The only place you can buy software to download is Microsoft, so you'll have to pay the £44.99. The OEM retail boxed version works out of the box and does not require a key.

You can save 15% by going through Quidco:
http://www.quidco.com/microsoft-store

Given that Microsoft has just released "Streets and Trips 2013" which is the US name for Autoroute there may be a 2013 coming soon and on that basis I wouldn't be too fussed about paying full wack for it right now.

If you have a second laptop you could always install the 60 day trial on there instead.


----------



## Zebedee (Oct 3, 2007)

Hi Barry

If you haven't saved many .axe files that you would like to continue using, why not download the free trial of A/R 2010? >> here <<

Unfortunately 2011 files will not run on 2010, but there are cunning ways to get your pushpins off, and load them into the older version.
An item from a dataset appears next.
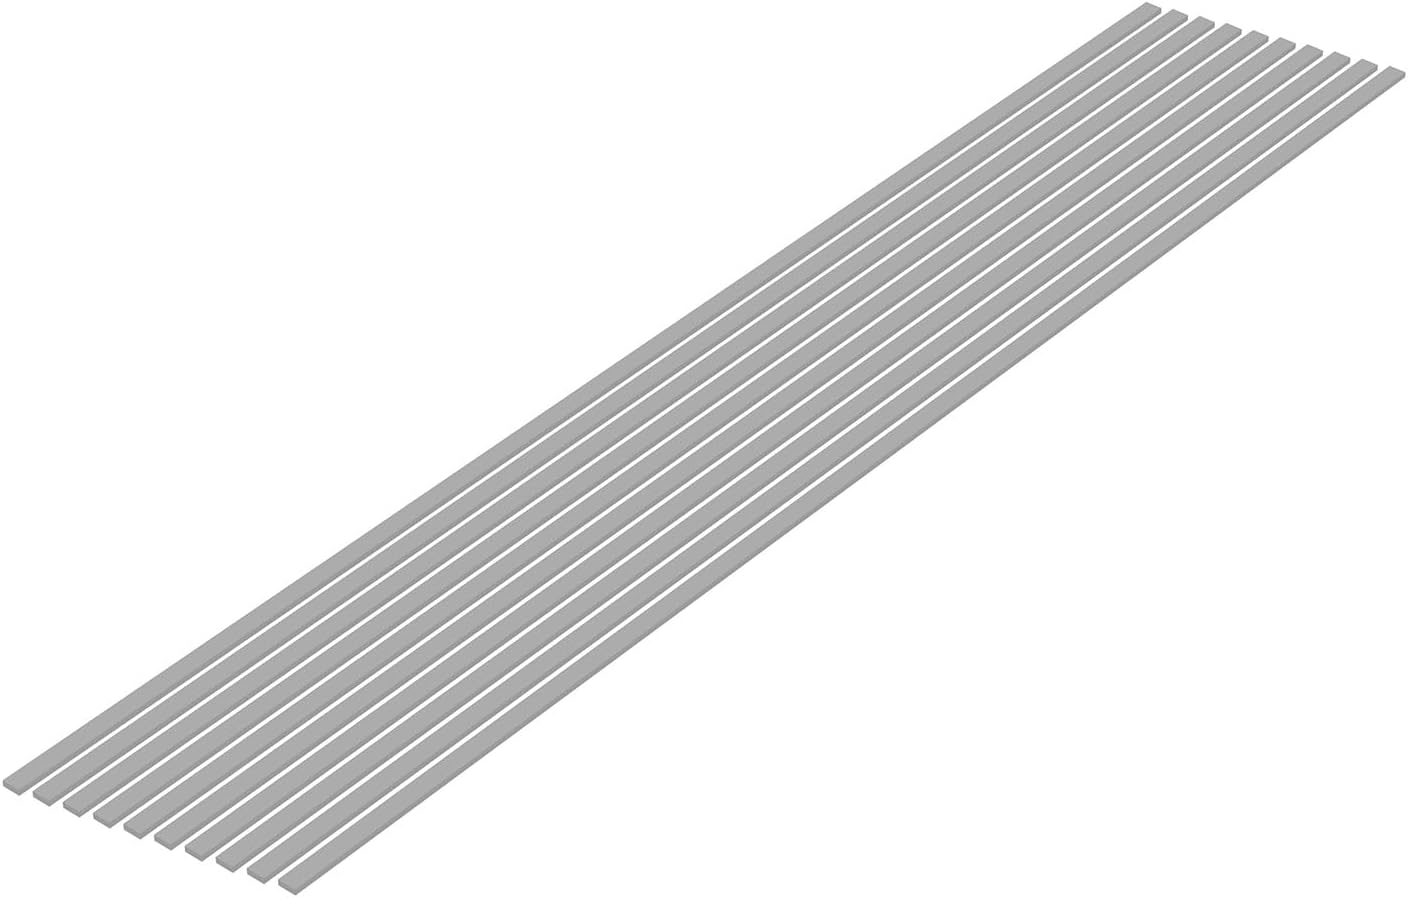 Wave Material Series OM-487 Plastic Material Gray Shredded Board 0.04 x 0.28 inches (1.0 x 7.0 mm), 10 Pieces - BanzaiHobby

Bit of a *** though - depends how many saved files you want to carry on using. :roll:

There is virtually no difference between the two versions, except for a later map in 2011. Even that is not noticeably very different.

Dave


----------



## Addie (Aug 5, 2008)

Zebedee said:


> There is virtually no difference between the two versions, except for a later map in 2011. Even that is not noticeably very different.
> 
> Dave


Unless you go into Eastern Europe (where BarryD is).

Autoroute 2010:










Autoroute 2011:










:lol:


----------



## Stanner (Aug 17, 2006)

Blimey those Polish builders don't 'arf get a move on once the planning permission comes through, don't they?


----------



## Addie (Aug 5, 2008)

Stanner said:


> Blimey those Polish builders don't 'arf get a move on once the planning permission comes through, don't they?


Romanian builders in this case, but yeah


----------



## Zebedee (Oct 3, 2007)

Barry would be better off with 2010!

Far too easy to get lost in that rabbit warren shown in the 2011 version. :wink: :lol: :lol: :lol: 

Dave


----------



## barryd (May 9, 2008)

Thanks for the replies chaps.

Addie thanks for the quidco link. Presumably ill just get the key online then?


----------